* **WHAT IS NEEDED**: An exact transcription of the listing, without its images, is what the answer must contain.

___ INPUT DATA

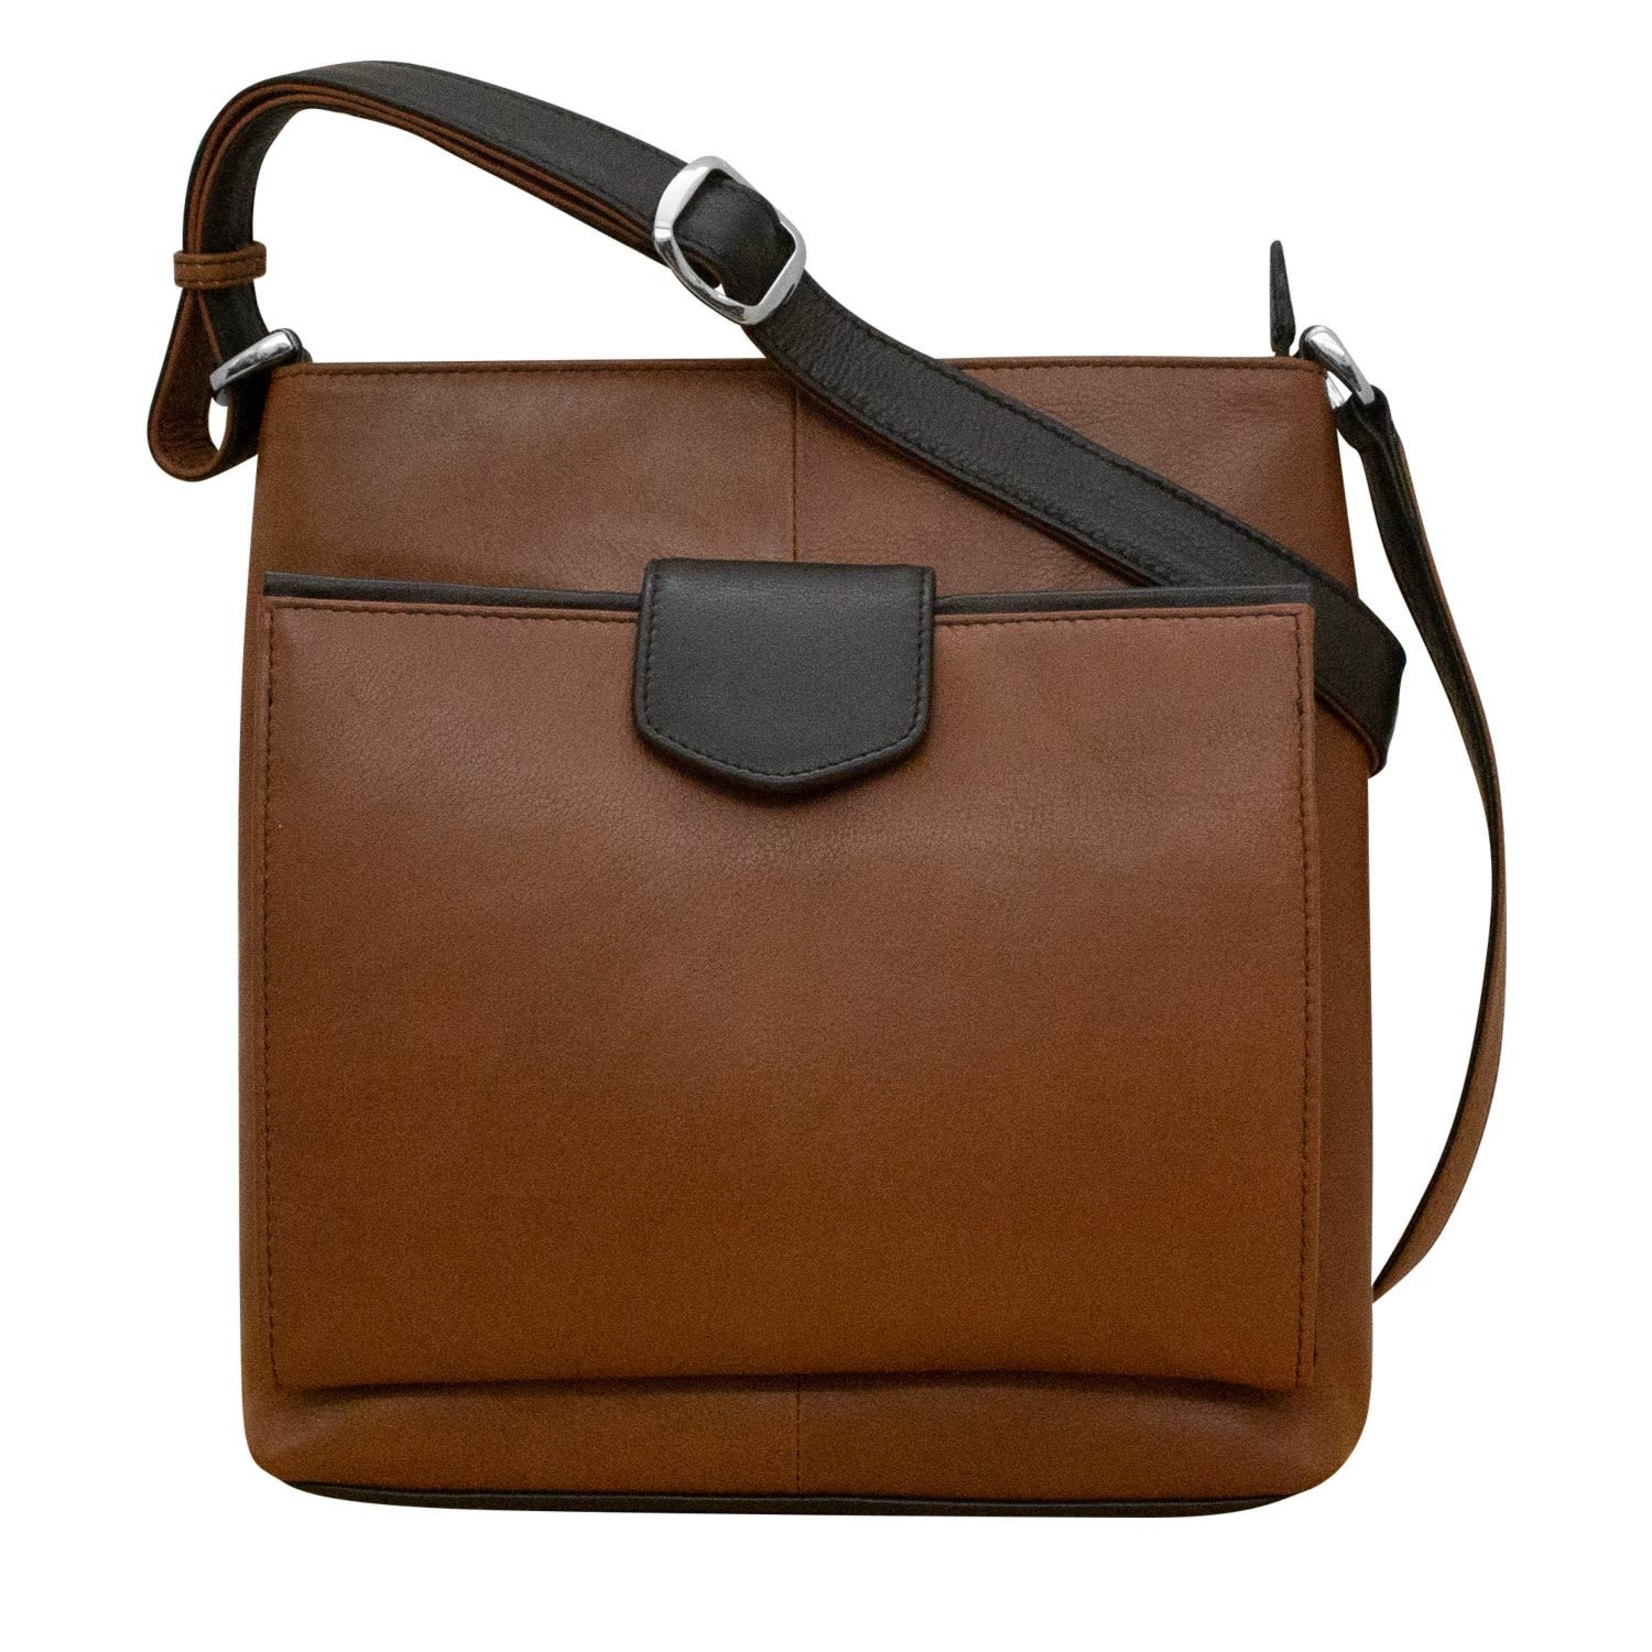 Leather Handbags and Accessories 6593 Toffee/Black - Organizer Crossbody
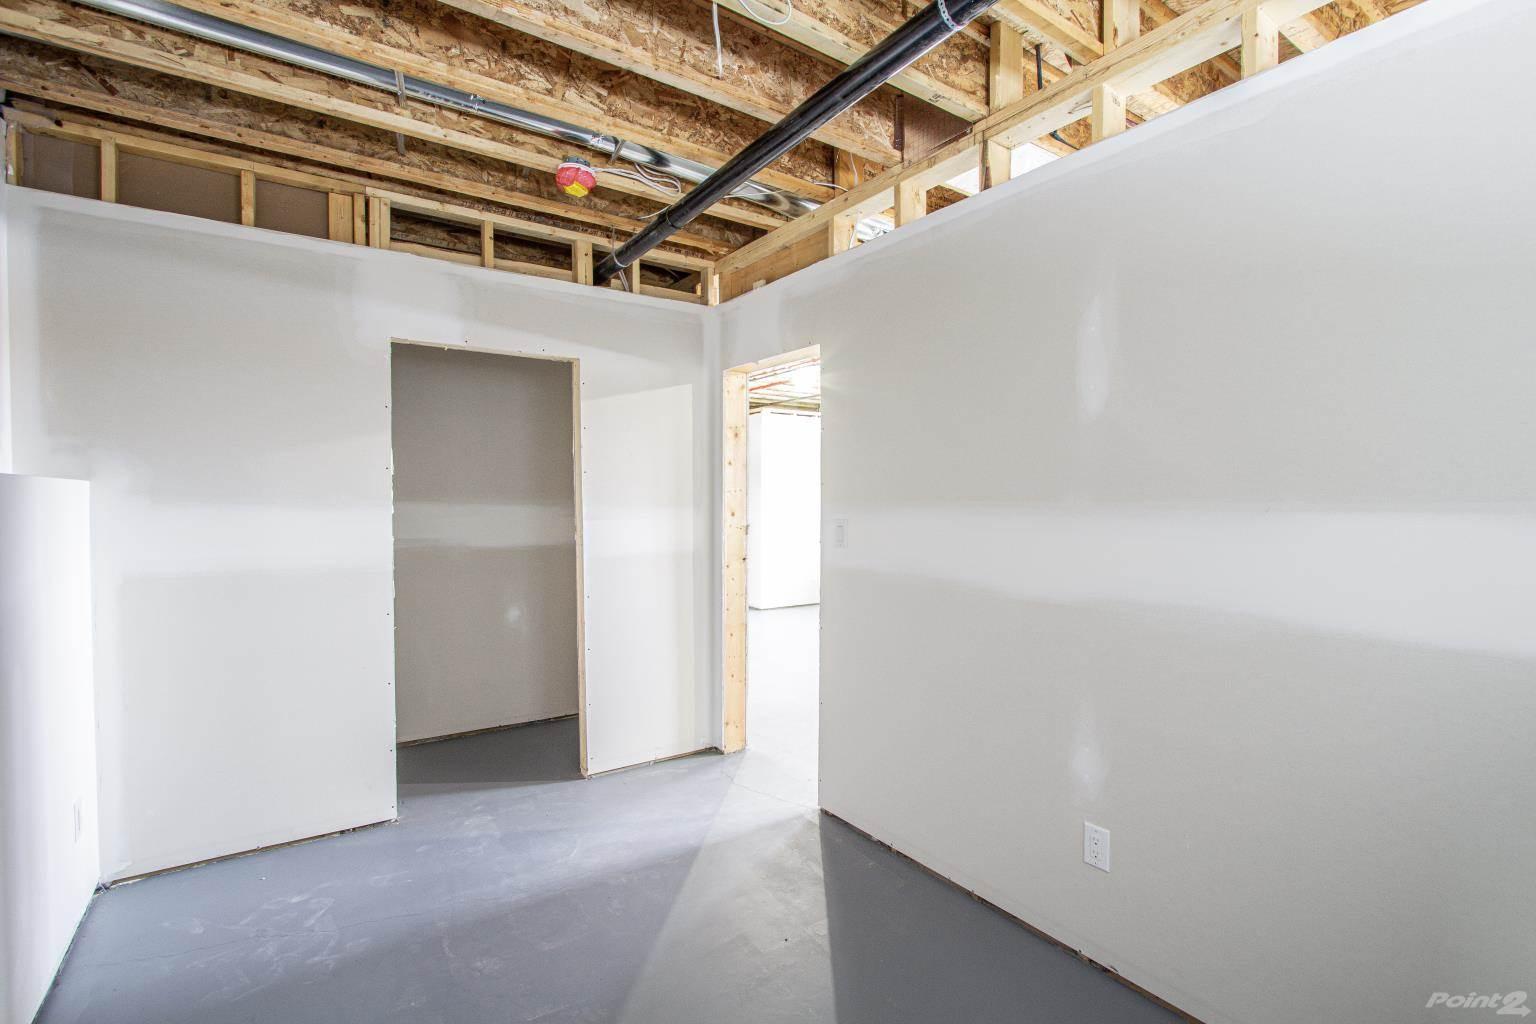 215 Terra Nova Cres in Cold Lake - House For Sale : MLS# e4225242 Photo 13
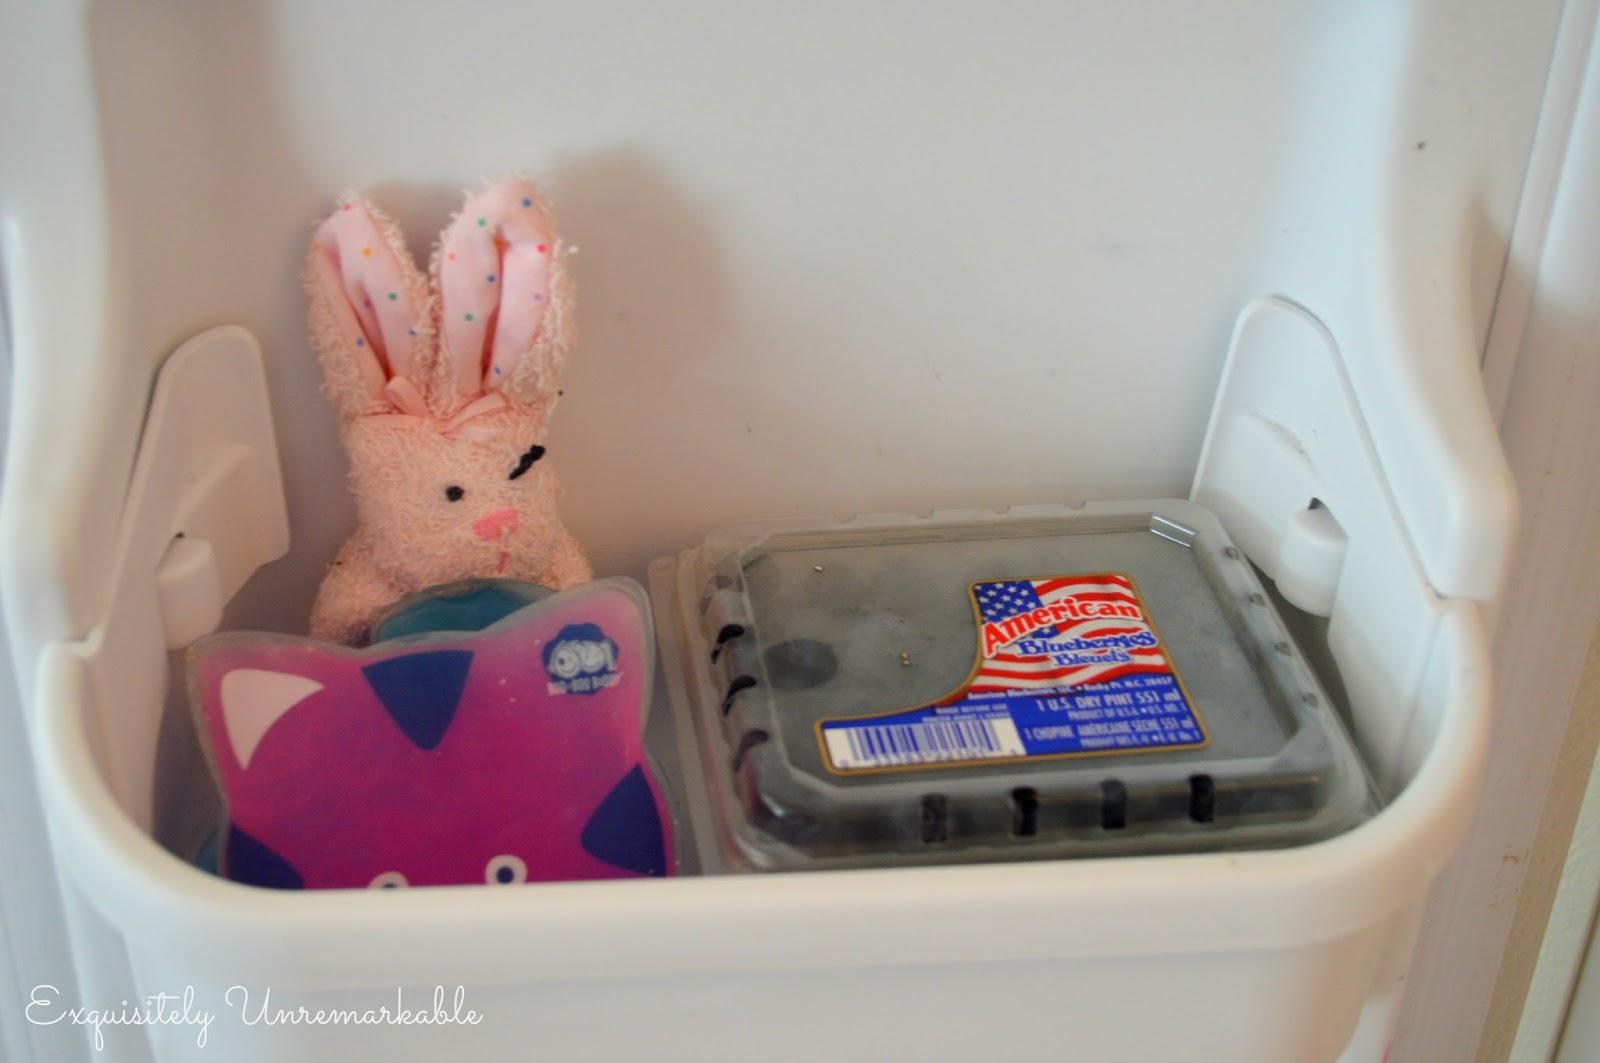 Frozen blueberries and boo boo ice packs on the freezer door

______

* **RESULT**:
 Leather Handbags and Accessories 6593 Toffee/Black - Organizer Crossbody
 215 Terra Nova Cres in Cold Lake - House For Sale : MLS# e4225242 Photo 13
 Frozen blueberries and boo boo ice packs on the freezer door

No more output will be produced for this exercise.